11. Key Takeaways from Planet Fitness’s Q4 Results
It was encouraging to see Planet Fitness beat analysts’ revenue expectations this quarter. We were also glad its EPS outperformed Wall Street’s estimates. Overall, this print had some key positives. The market seemed to be hoping for more, and the stock traded down 8.5% to $83 immediately after reporting.
12. Is Now The Time To Buy Planet Fitness?
Before deciding whether to buy Planet Fitness or pass, we urge investors to consider business quality, valuation, and the latest quarterly results.
Planet Fitness falls short of our quality standards. While its astounding EPS growth over the last five years shows its profits are trickling down to shareholders, the downside is its Forecasted free cash flow margin suggests the company will ramp up its investments next year. On top of that, its same-store sales performance has disappointed.
Planet Fitness’s P/E ratio based on the next 12 months is 25.8x. This valuation tells us a lot of optimism is priced in - we think other companies feature superior fundamentals at the moment.
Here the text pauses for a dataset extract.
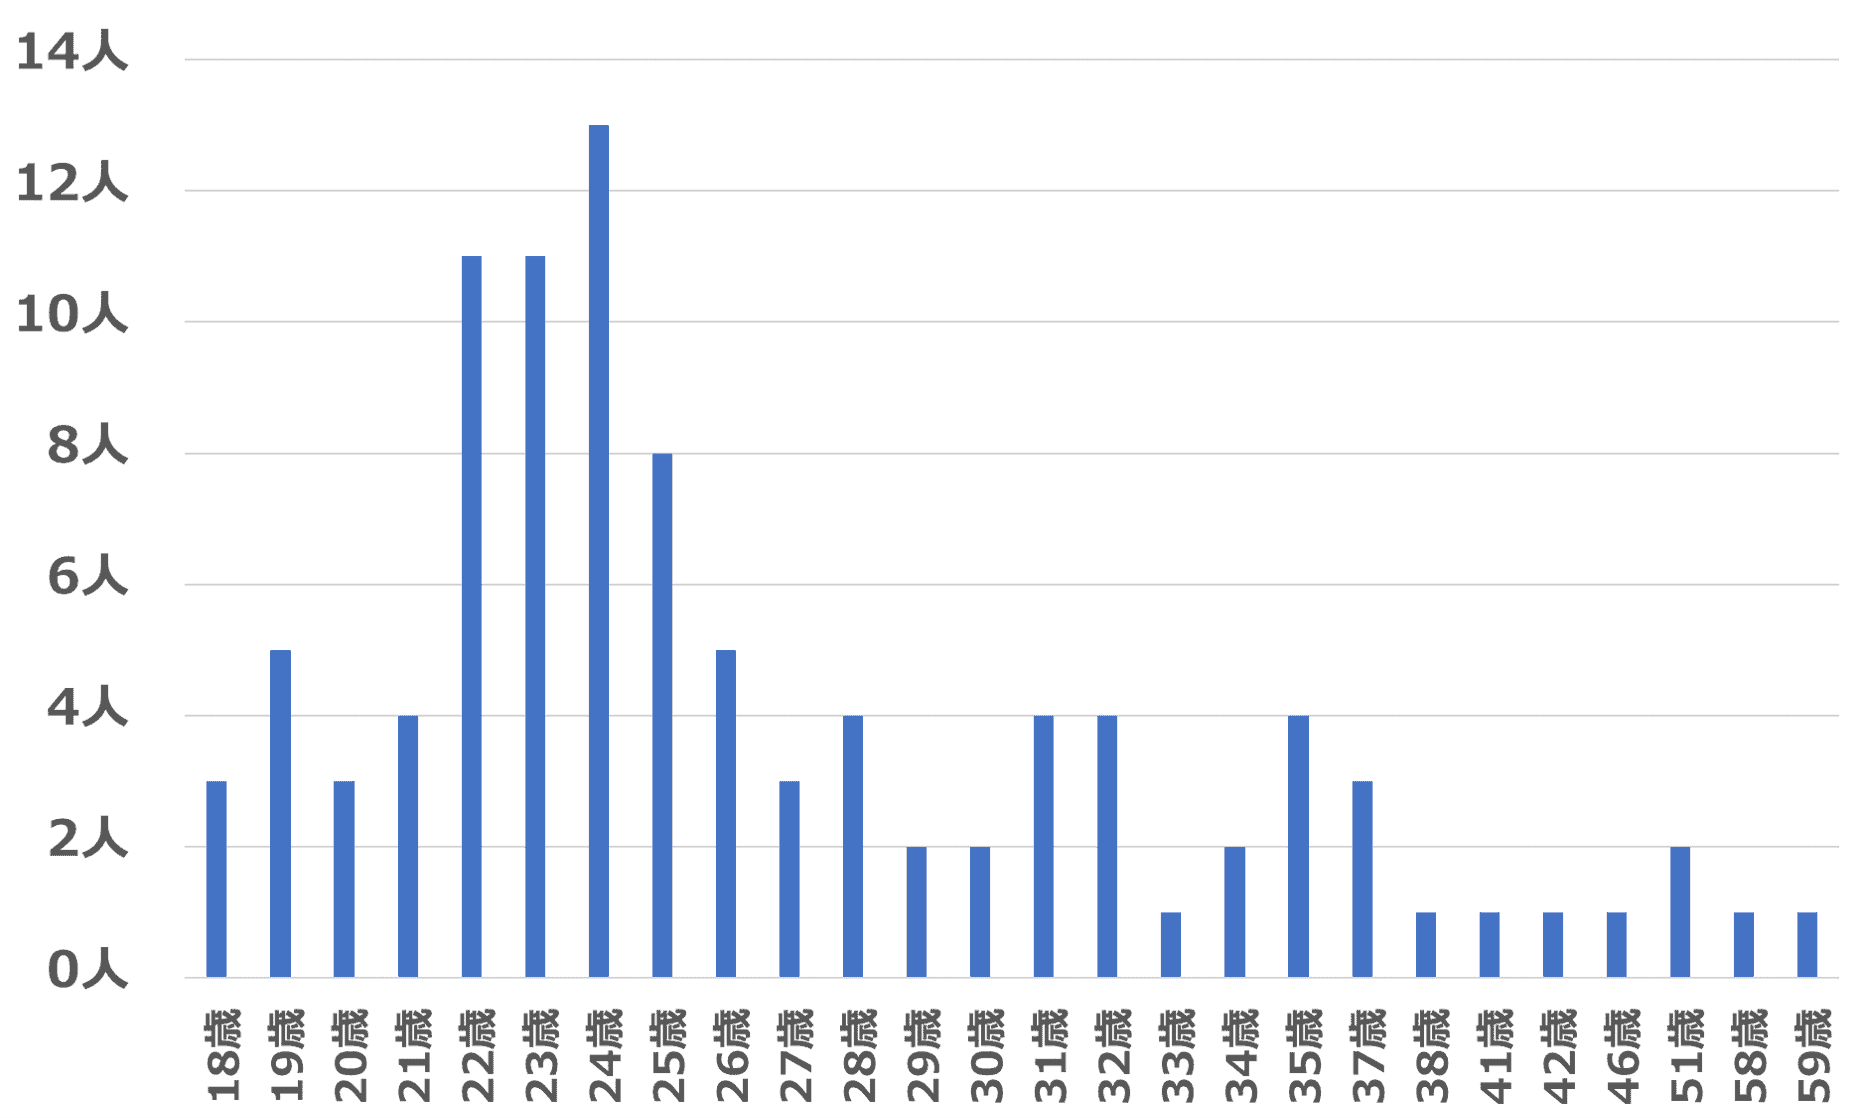 タップルの年齢ごとの女性ログインユーザー数を示したグラフ

Wall Street analysts have a consensus one-year price target of $130 on the company (compared to the current share price of $83).
Although the price target is bullish, readers should exercise caution because analysts tend to be overly optimistic. The firms they work for, often big banks, have relationships with companies that extend into fundraising, M&A advisory, and other rewarding business lines. As a result, they typically hesitate to say bad things for fear they will lose out. We at StockStory do not suffer from such conflicts of interest, so we’ll always tell it like it is.